Airbnb is making it cheaper to find accommodation around the world, and now they’ve added new search features, like whether there’s a roll-in shower or whether each room has step-free access, allowing users to make sure that a home meets their needs. Similarly, Google Maps has incorporated a search feature for wheelchair accessible routes, making it easier to get from Point A to Point B as a wheelchair user.
Accessibility-focused tech firms are also springing up. ActiView, a captioning and audio description app, is making movies more accessible. San Francisco-based tech company Aira is pioneering a solution that allows blind people to travel independently with the assistance of a trained agent who verbally guides them.
How organisations can join the accessibility revolution
There is a wide range of tools available which organisations can use to make the world more accessible. The first step is to recognise people with disabilities and their unique contributions, and then make sure that they can access all the organisation has to offer. From always putting the captions on during video presentations, to providing large print written notes to accompany lectures, and from adjusting lighting to removing obstacles from pathways, simple changes can ensure that people with disabilities are included.

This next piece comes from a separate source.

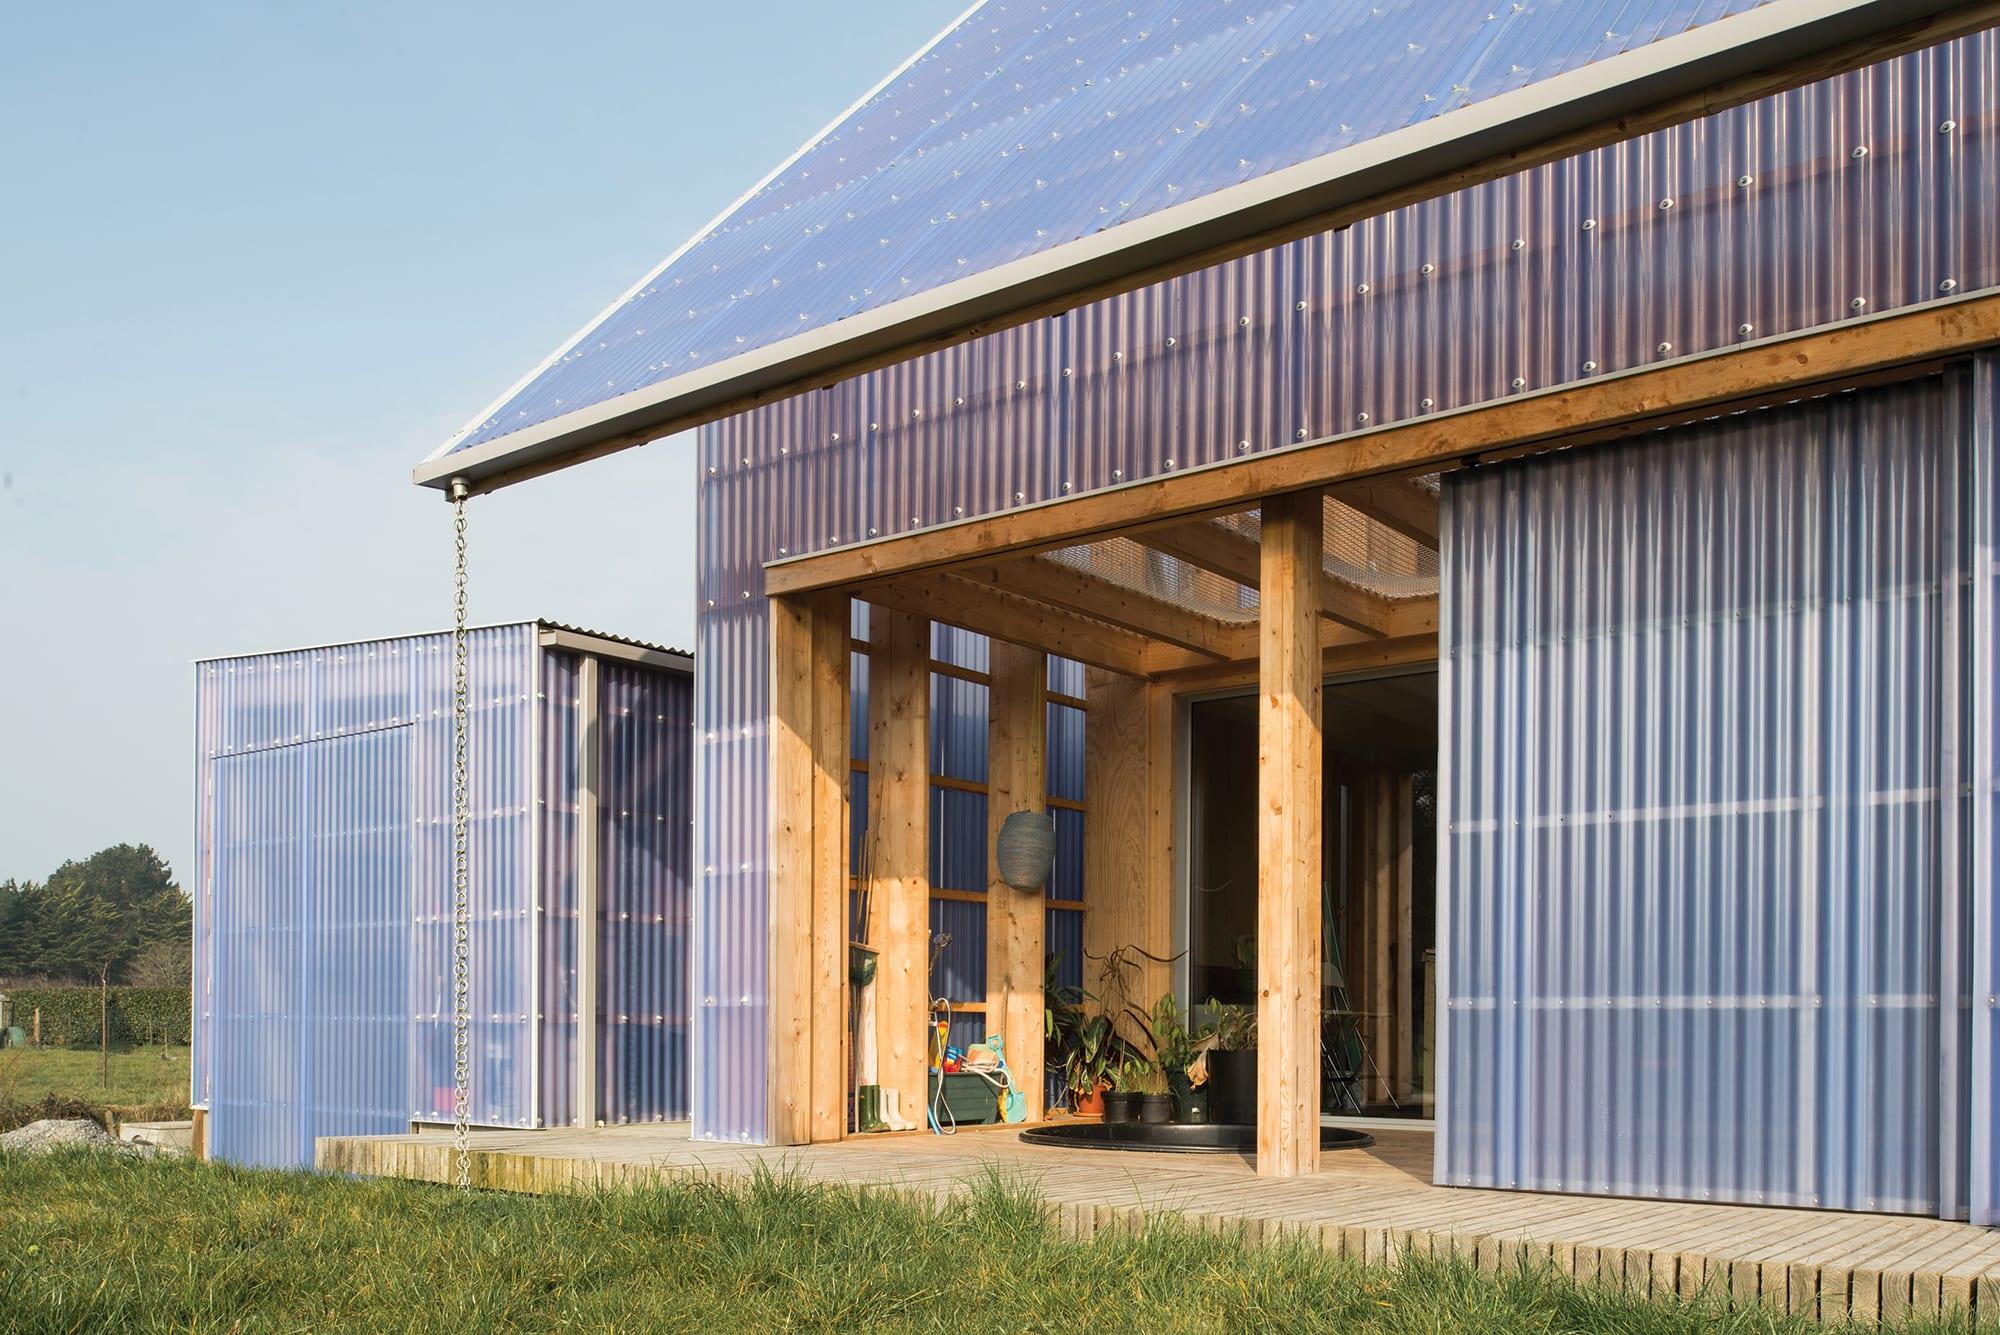 Comment Ventiler Un Garage Humide brut architectes, maxime castric · pendu · divisare

At first glance, some of this technology might seem like something out of a science fiction movie, but this inclusive technology is simple to use and is changing lives for people with disabilities, bringing content to more audiences than ever and creating a more inclusive world for all.
There is definitely still a long way to go to make the world truly accessible for all, but technology has revolutionised what it means to have a disability. The wheels are in motion, and they show no signs of slowing down.